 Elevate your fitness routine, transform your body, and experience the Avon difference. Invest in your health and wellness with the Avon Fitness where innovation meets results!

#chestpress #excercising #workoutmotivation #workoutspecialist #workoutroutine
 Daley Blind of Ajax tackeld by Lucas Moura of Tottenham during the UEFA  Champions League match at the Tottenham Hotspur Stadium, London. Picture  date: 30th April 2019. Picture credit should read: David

━━━━

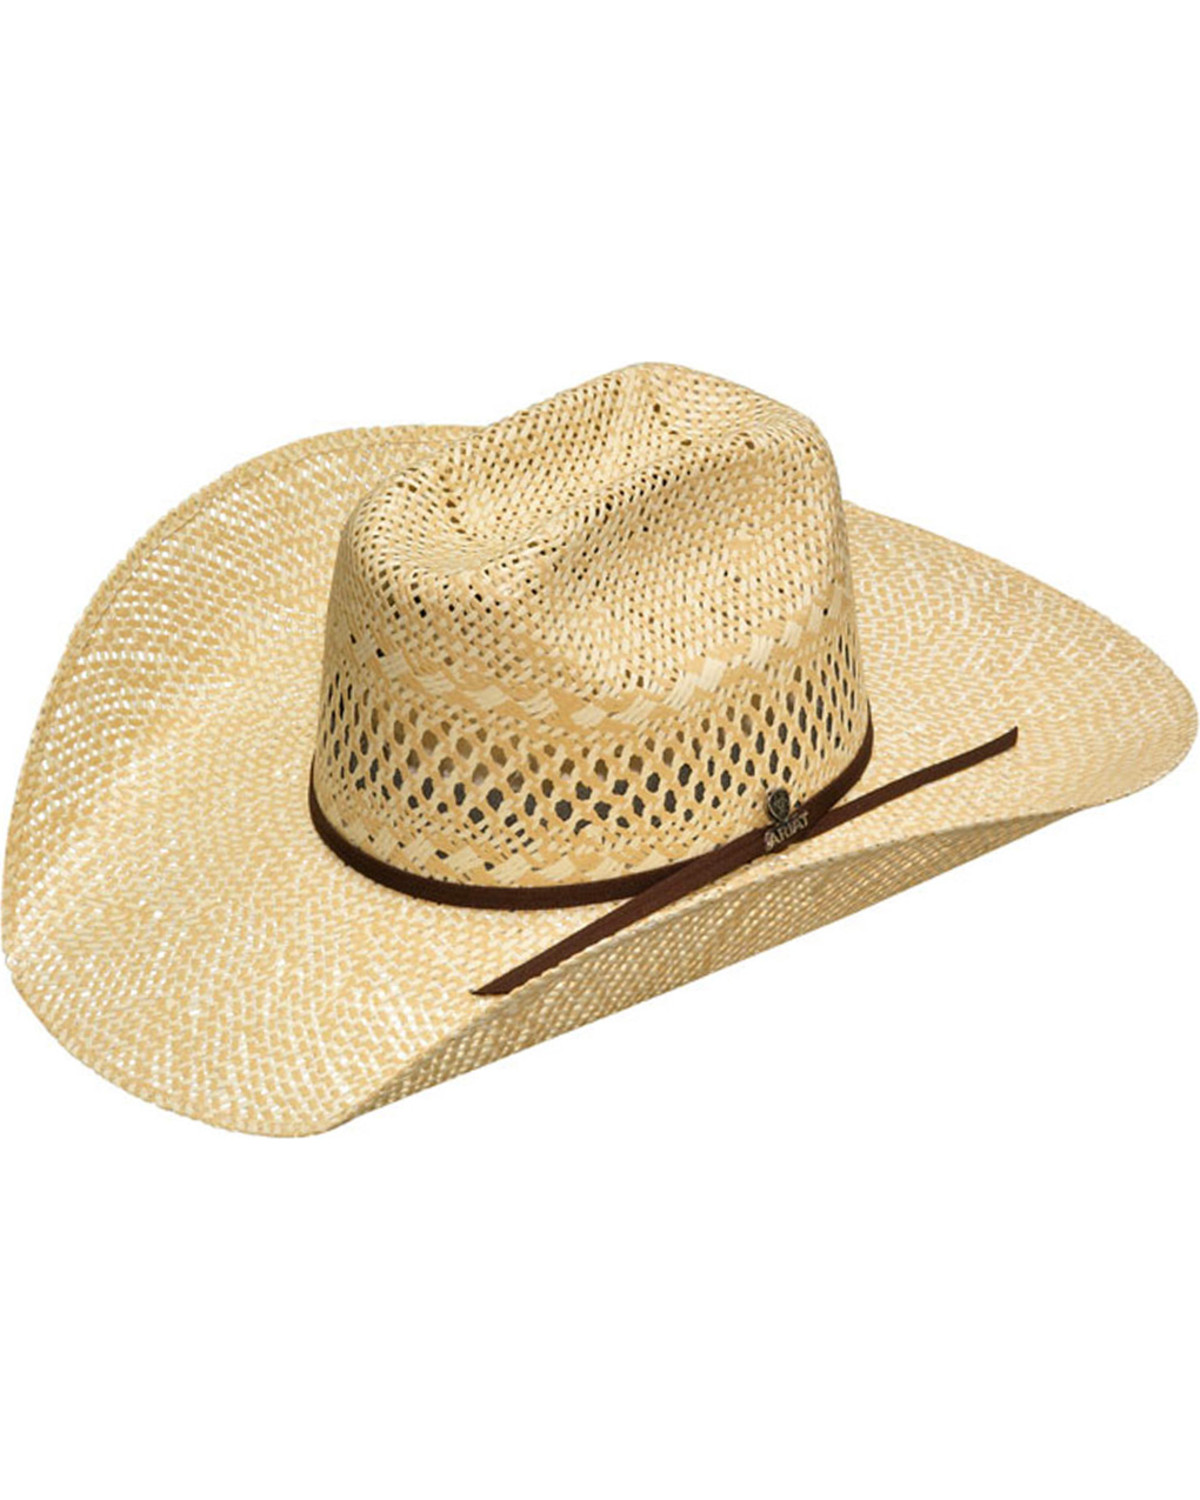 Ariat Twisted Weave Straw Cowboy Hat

━━━━

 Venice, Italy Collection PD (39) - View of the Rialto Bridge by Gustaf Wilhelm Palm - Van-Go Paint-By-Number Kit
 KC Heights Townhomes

━━━━

**Assigned task**
Exact duplication is required for the lines above, from the line that contains "Venice, Italy Collection" to the line that contains "KC Heights Townhomes", inclusive; omit all others.

**The answer**
 Venice, Italy Collection PD (39) - View of the Rialto Bridge by Gustaf Wilhelm Palm - Van-Go Paint-By-Number Kit
 KC Heights Townhomes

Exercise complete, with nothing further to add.